Ozawa T, Kakuta M, Sugawara M, Umezawa Y, Ikura M
Department of Chemistry, School of Science, University of Tokyo, Japan.
Anal Chem. 1997 Aug 1;69(15):3081-5. doi: 10.1021/ac9613141.
A method for evaluating a physiologically relevant ion selectivity of Ca2+ signaling pathways in biological cells based on a Ca(2+)-dependent on/off switch for cellular processes via calmodulin (CaM) chemistry is described. CaM serves as a primary ion receptor for Ca2+ and a given CaM-binding peptide as a target for a CaM-Ca2+ complex. Upon accommodating four Ca2+ ions in its binding sites, CaM undergoes a conformational change to form a CaM-Ca(2+)-target peptide ternary complex. This Ca(2+)-induced selective binding of the Ca(2+)-CaM complex to the target peptide was monitored by a surface plasmon resonance (SPR) technique. As a target peptide, a 26-amino acid residue of M13 derived from skeletal muscle myosin light-chain kinase was used. The target peptide was covalently immobilized in the dextran matrix on top of gold, over which sample solutions containing Ca2+ and CaM were injected in a flow system. Ca(2+)-dependent SPR signals were observed for Ca2+ concentrations from 3.2 x 10(-8) to 1.1 x 10(-5) M and it leveled off. The observed SPR signals were explained as due to an increase in the refractive indexes caused by a Ca2+ ion-switched protein/ peptide interaction, i.e., Ca2+ ion to CaM and subsequent additional binding of the thus formed complex with immobilized M13. No SPR signals were however, induced by Mg2+, K+, and Li+ at concentrations as high as 1.0 x 10(-1) M; these results and previous spectroscopic data taken together conclude that these ions do not induce CaM/peptide interaction. Large changes in SPR signals were observed with a Sr2+ ion concentration over 5.1 x 10(-4) M; Sr2+ ion behaved in this case as a strong agonist toward the Ca(2+)-dependent on/off switch of CaM. The present system thus exhibited "physiologically more relevant" ion selectivity in that relevant metal ions could switch on the CaM/peptide or -protein interaction rather than merely be bound to CaM causing no further signal transduction. The potential use of this finding for more widely evaluating cation selectivity toward the Ca2+ signaling process was discussed.

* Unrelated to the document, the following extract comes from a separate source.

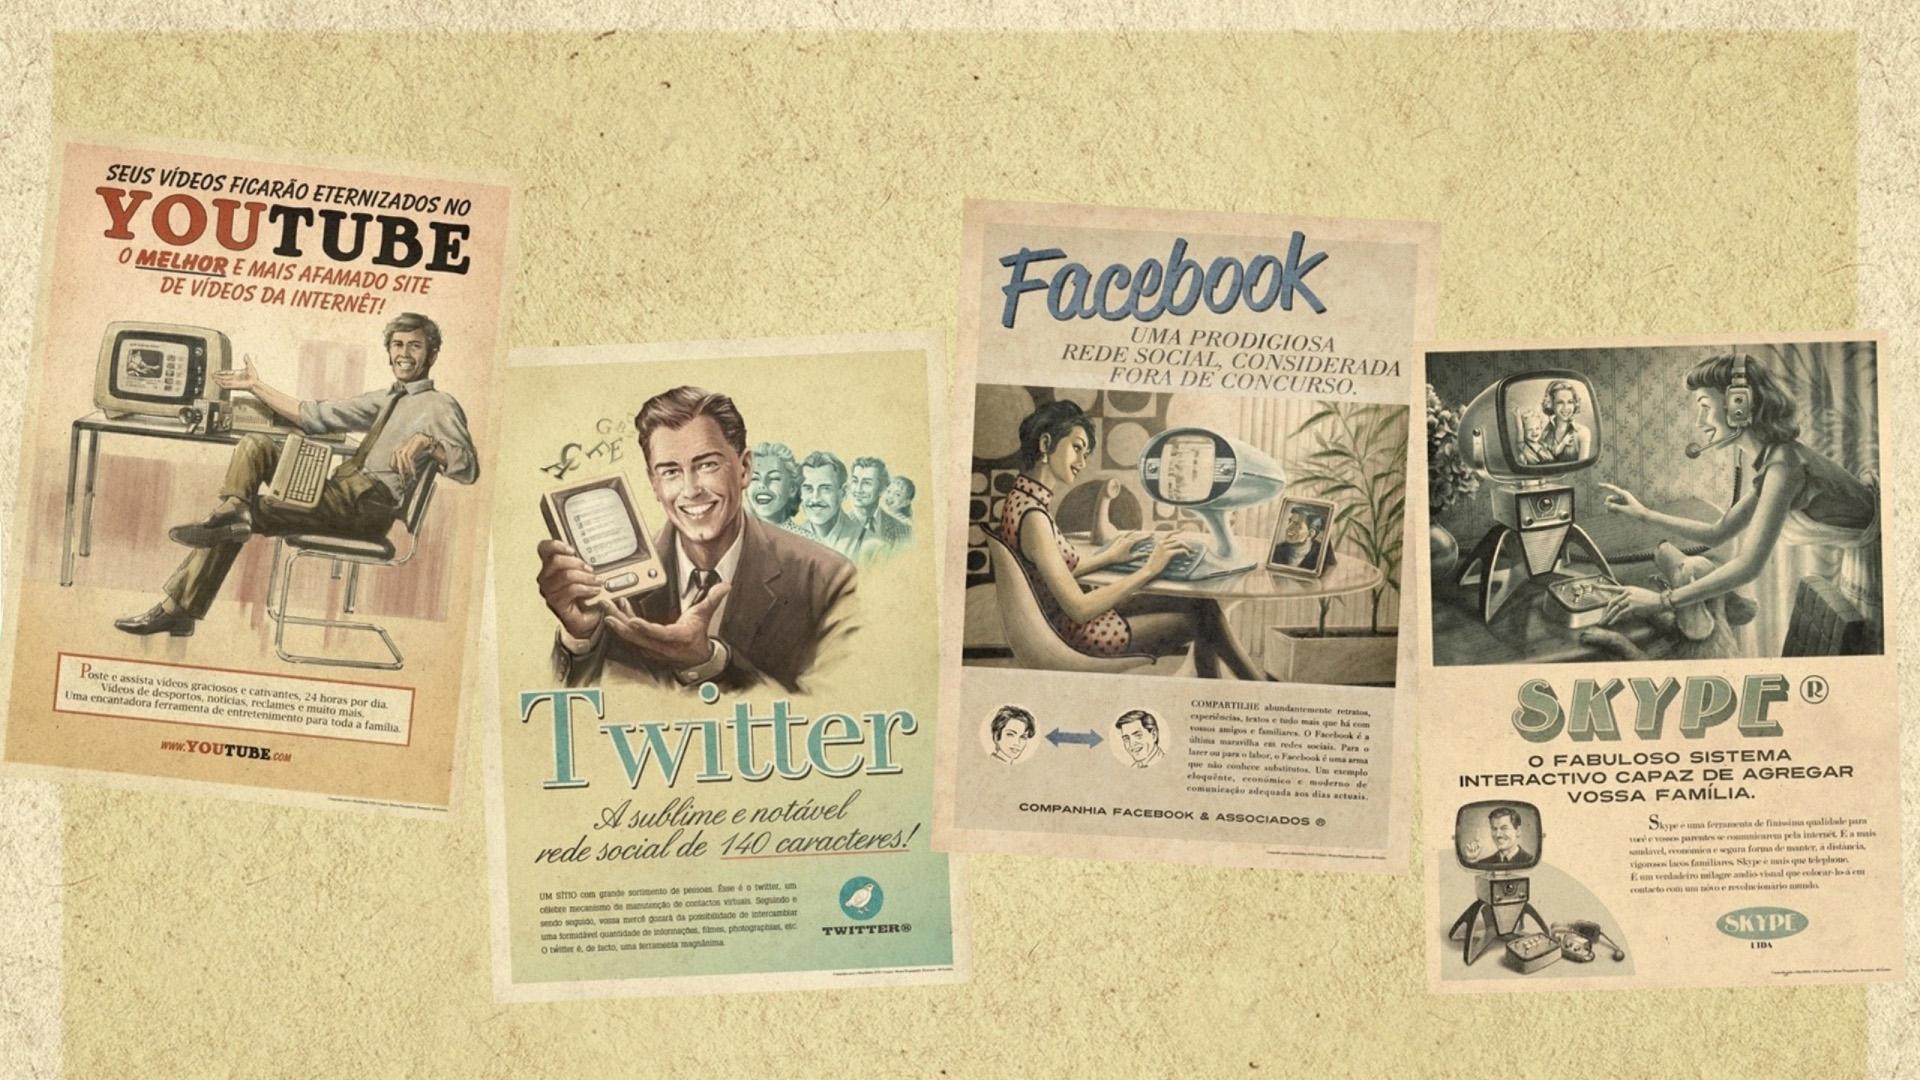 Красивые бренды и логотипы обои на заставку компьютера - подборка №4 2

描述了一种基于通过钙调蛋白(CaM)化学实现细胞过程的Ca(2 +)依赖性开/关开关来评估生物细胞中Ca2 +信号通路的生理相关离子选择性的方法。CaM作为Ca2 +的主要离子受体,给定的CaM结合肽作为CaM-Ca2 +复合物的靶标。在其结合位点容纳四个Ca2 +离子后,CaM发生构象变化以形成CaM-Ca(2 +)-靶肽三元复合物。通过表面等离子体共振(SPR)技术监测Ca(2 +)诱导的Ca(2 +)-CaM复合物与靶肽的选择性结合。作为靶肽,使用了源自骨骼肌肌球蛋白轻链激酶的26个氨基酸残基的M13。靶肽共价固定在金表面的葡聚糖基质中,在流动系统中注入含有Ca2 +和CaM的样品溶液。对于3.2×10(-8)至1.1×10(-5)M的Ca2 +浓度观察到Ca(2 +)依赖性SPR信号,并且信号趋于平稳。观察到的SPR信号被解释为是由于Ca2 +离子切换的蛋白质/肽相互作用引起的折射率增加,即Ca2 +离子与CaM结合,随后形成的复合物与固定化的M13进一步结合。然而,在高达1.0×10(-1)M的浓度下,Mg2 +、K +和Li +不会诱导SPR信号;这些结果与先前的光谱数据一起得出结论,这些离子不会诱导CaM /肽相互作用。当Sr2 +离子浓度超过5.1×10(-4)M时,观察到SPR信号有很大变化;在这种情况下,Sr2 +离子作为CaM的Ca(2 +)依赖性开/关开关的强激动剂。因此,本系统表现出“生理上更相关”的离子选择性,因为相关金属离子可以开启CaM /肽或 - 蛋白质相互作用,而不仅仅是与CaM结合而不引起进一步的信号转导。讨论了这一发现对于更广泛评估阳离子对Ca2 +信号传导过程的选择性的潜在用途。